As part of a carbon-reducing project, the first 10 flights to depart Rome on October 15 will use sustainable aviation fuels made by Italian energy company Eni. The project will contribute to the EU’s “Fit for 55” proposal, which strives to reduce carbon emissions by at least 55% by 2030.
ITA introduced a new livery on launch day, which includes a light blue paint scheme representing unity, cohesion, and pride of the nation, as well as homage to Italy’s national sports team, which wears sky blue during competitions. On the tail will be the Italian tricolor of red, white, and green.

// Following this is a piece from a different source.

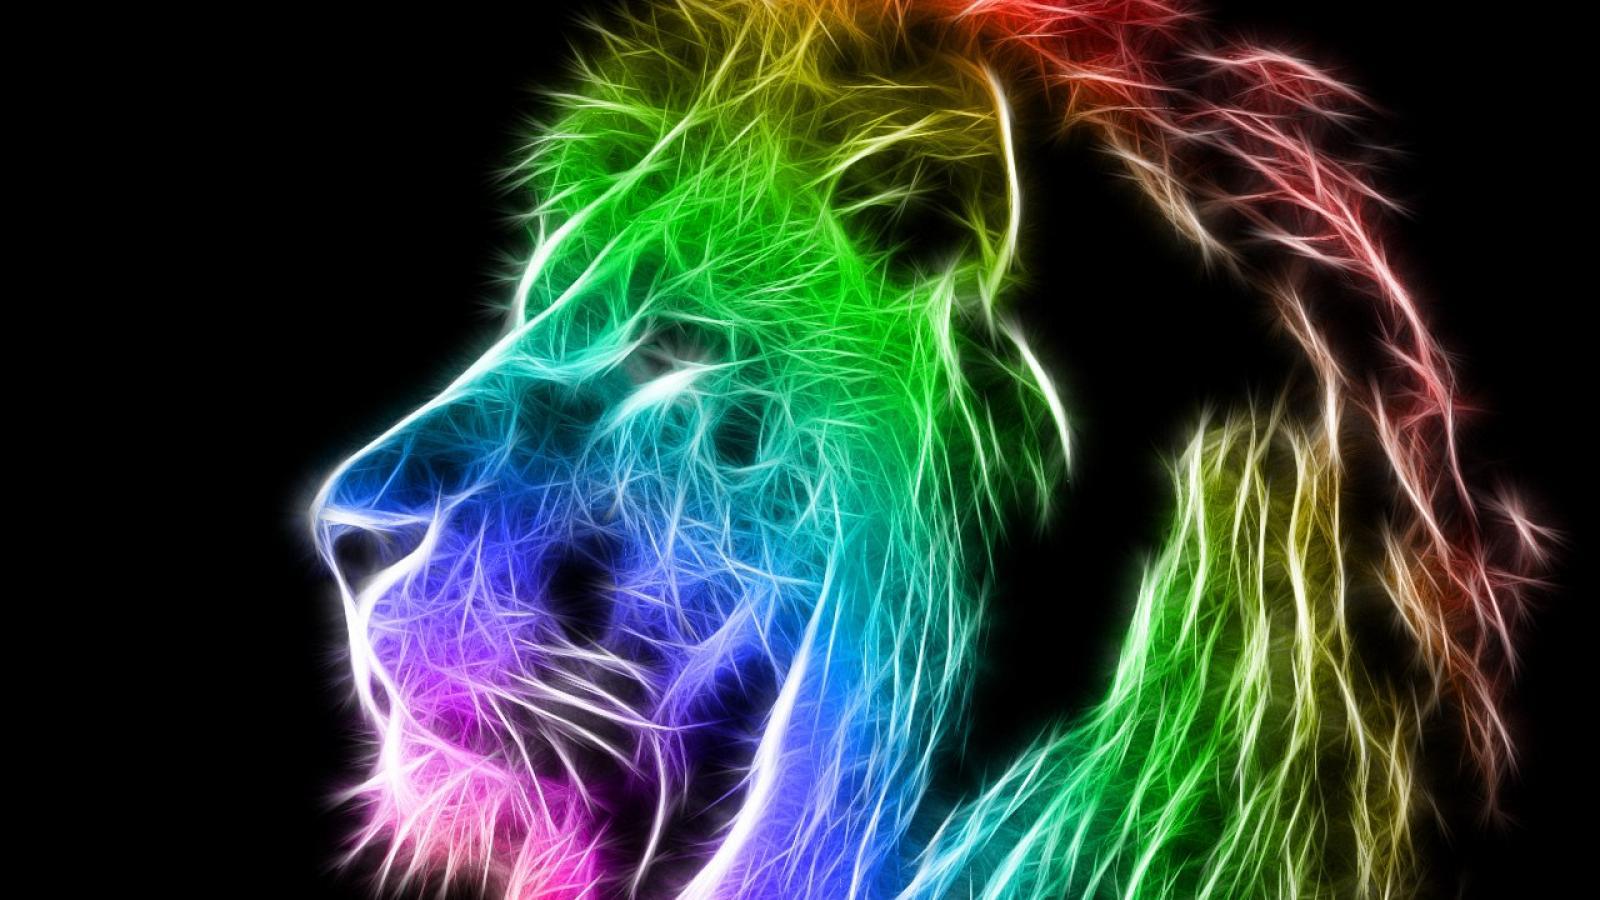 Colorful lion wallpaper 1280x1024 HQ WALLPAPER   44314 1600x900

In regards to its network, the carrier launched with 59 routes to 44 destinations. ITA plans to increase its routes to 74 in 2022 and 89 by 2025, while destinations are expected to increase to 58 in 2022 and 74 by 2025.
As for the over 11,000 Alitalia workers, 70% were hired to work for ITA, which has 2,800 employees. 30% of that came from outside Alitalia. The company plans to add 1,000 new jobs in 2022 and reach 5,750 employees by 2025.
ITA has set up a loyalty program called Volare, effective October 15, which is split into four levels: smart, plus, premium, and executive. Customers can use accrued points for any flight in ITA’s system.
According to ITA executives, the company plans to join a major international alliance, though it has not stated which one it prefers. Alitalia was aligned with the SkyTeam alliance, which is comprised of carriers like Delta, Air France, and KLM.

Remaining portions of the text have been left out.